● **DATA SECTION**

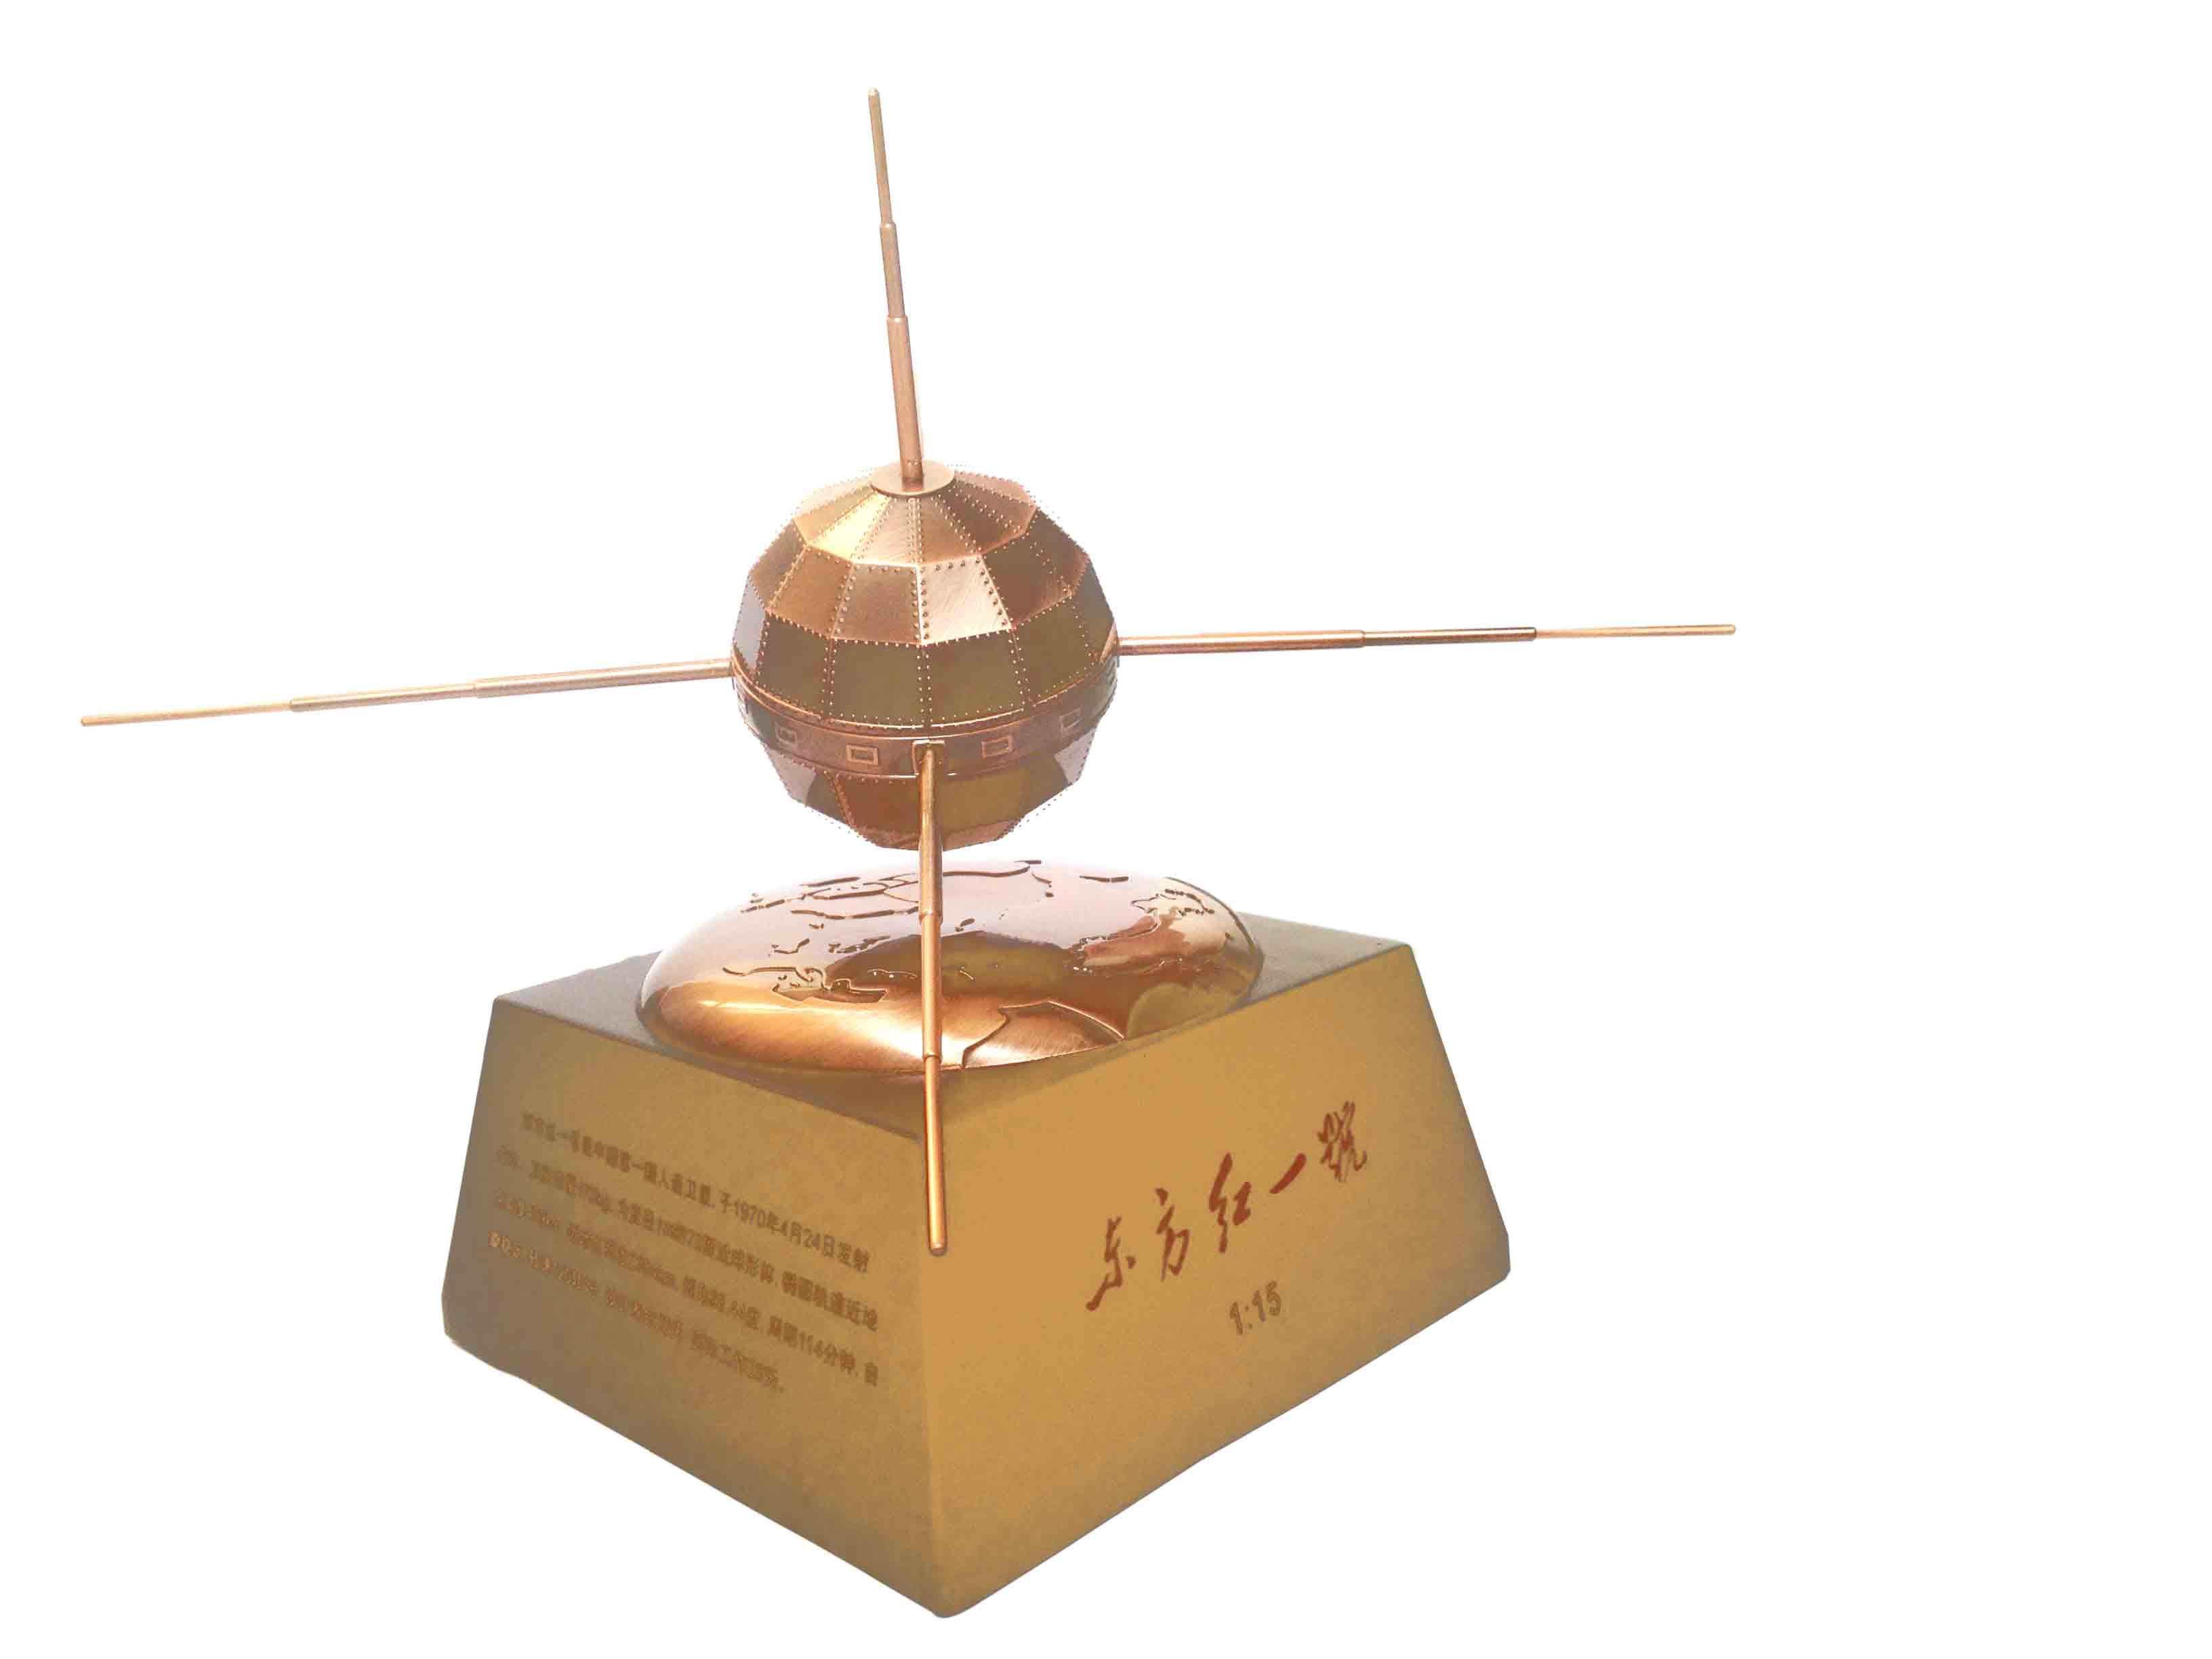 """1970年4月24日,我国自行研制的第一颗人造卫星——""""东方红一号"""",在""""长征一号""""火箭的运送下,准确地进入预定轨道,并向全世界播放歌曲《东方红》,奏响了中国人向太空迈进的序曲。 """"卫星飞经我国上空播放乐曲时,正值全国各地庆祝'五一'劳动节,那万众欢庆的壮观场面,将永远留在我记忆中!"""
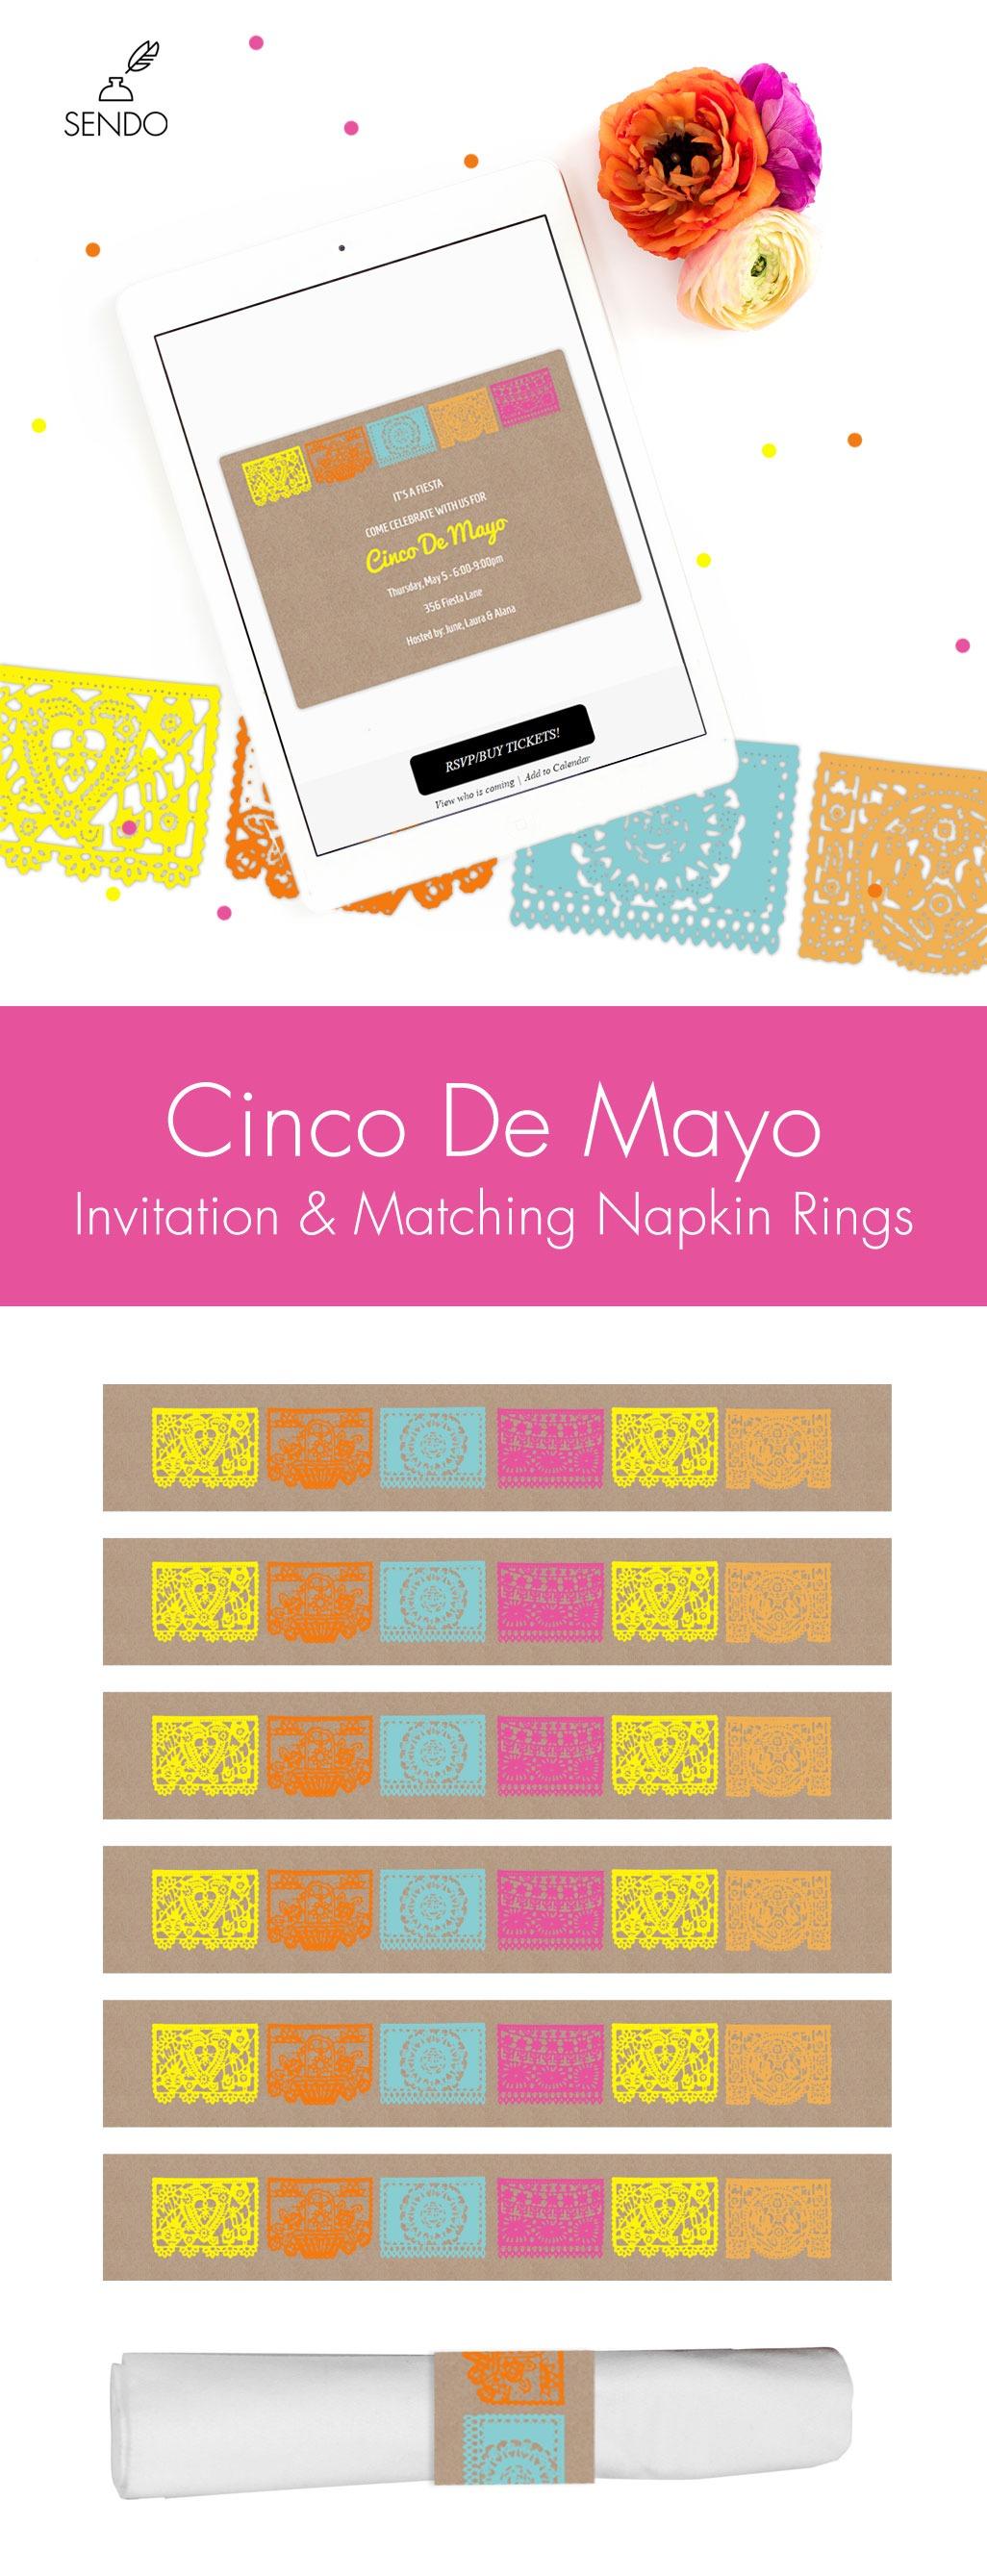 Cinco De Mayo Party Invitation & Napkin Ring Printable
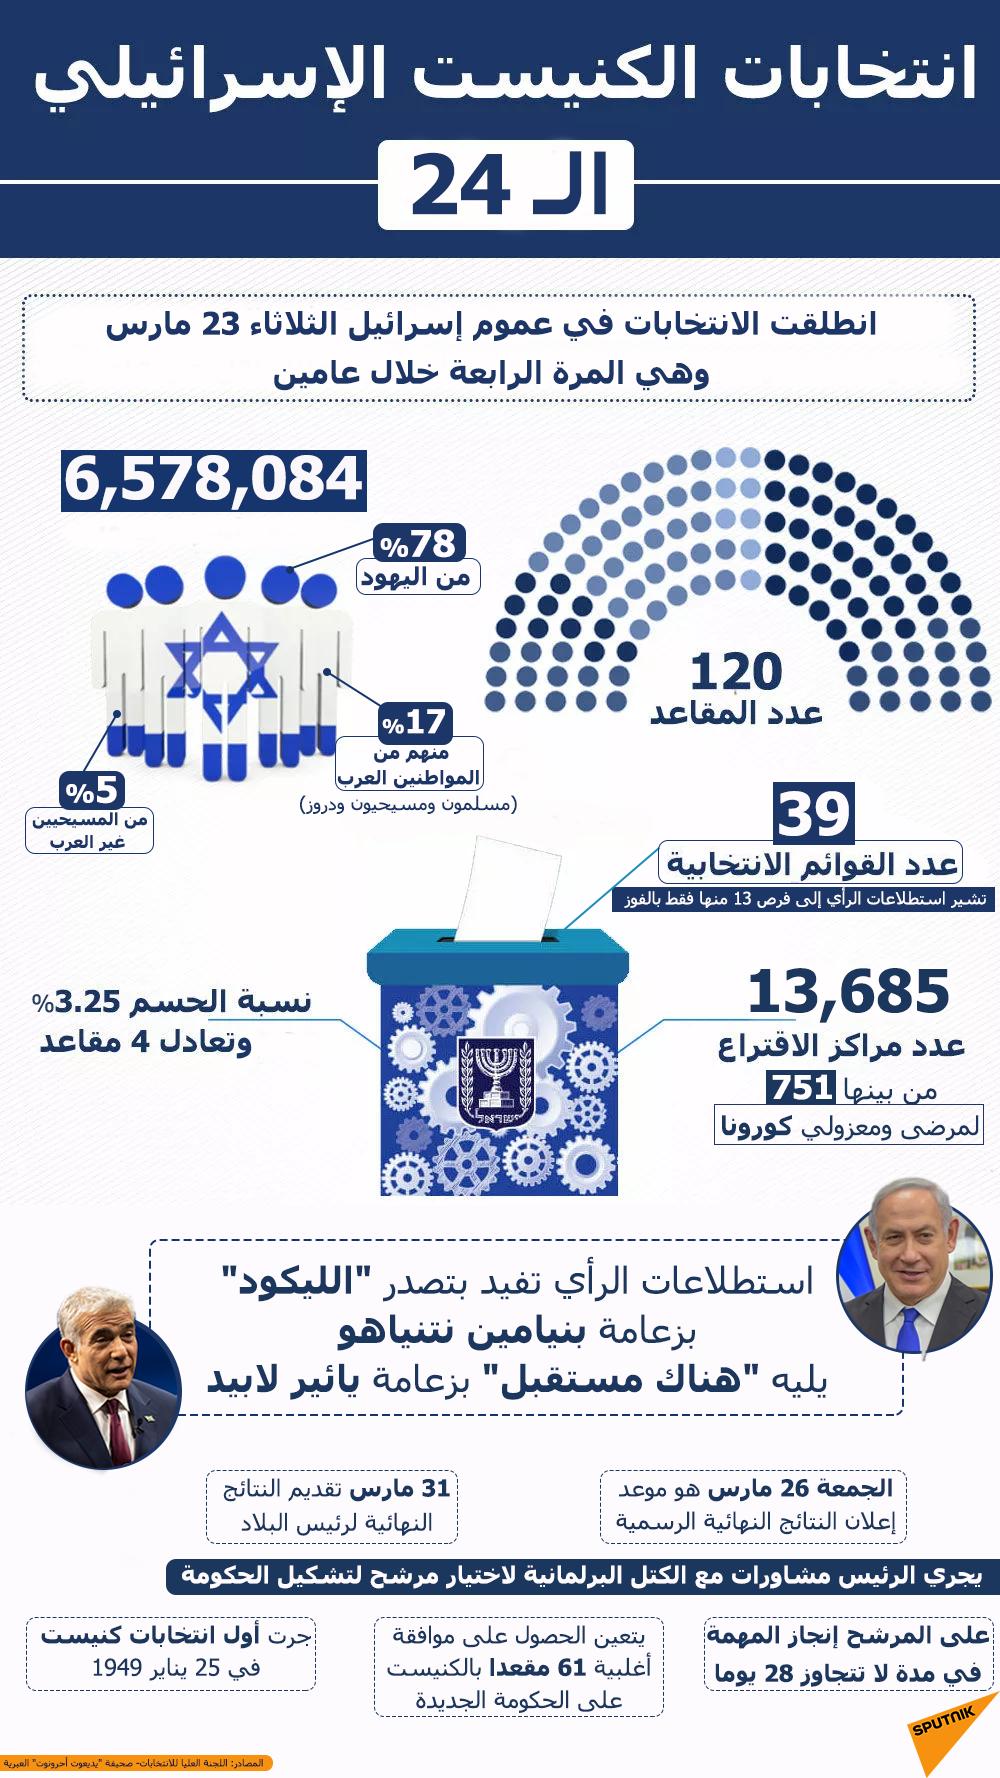 إنفوجرافيك... انتخابات الكنيست الإسرائيلي الـ 24

● **EXERCISE DIRECTIONS**
All of the material should be reproduced exactly, apart from the pictures.

● **WRITTEN SOLUTION**
 """1970年4月24日,我国自行研制的第一颗人造卫星——""""东方红一号"""",在""""长征一号""""火箭的运送下,准确地进入预定轨道,并向全世界播放歌曲《东方红》,奏响了中国人向太空迈进的序曲。 """"卫星飞经我国上空播放乐曲时,正值全国各地庆祝'五一'劳动节,那万众欢庆的壮观场面,将永远留在我记忆中!"""
 Cinco De Mayo Party Invitation & Napkin Ring Printable
 إنفوجرافيك... انتخابات الكنيست الإسرائيلي الـ 24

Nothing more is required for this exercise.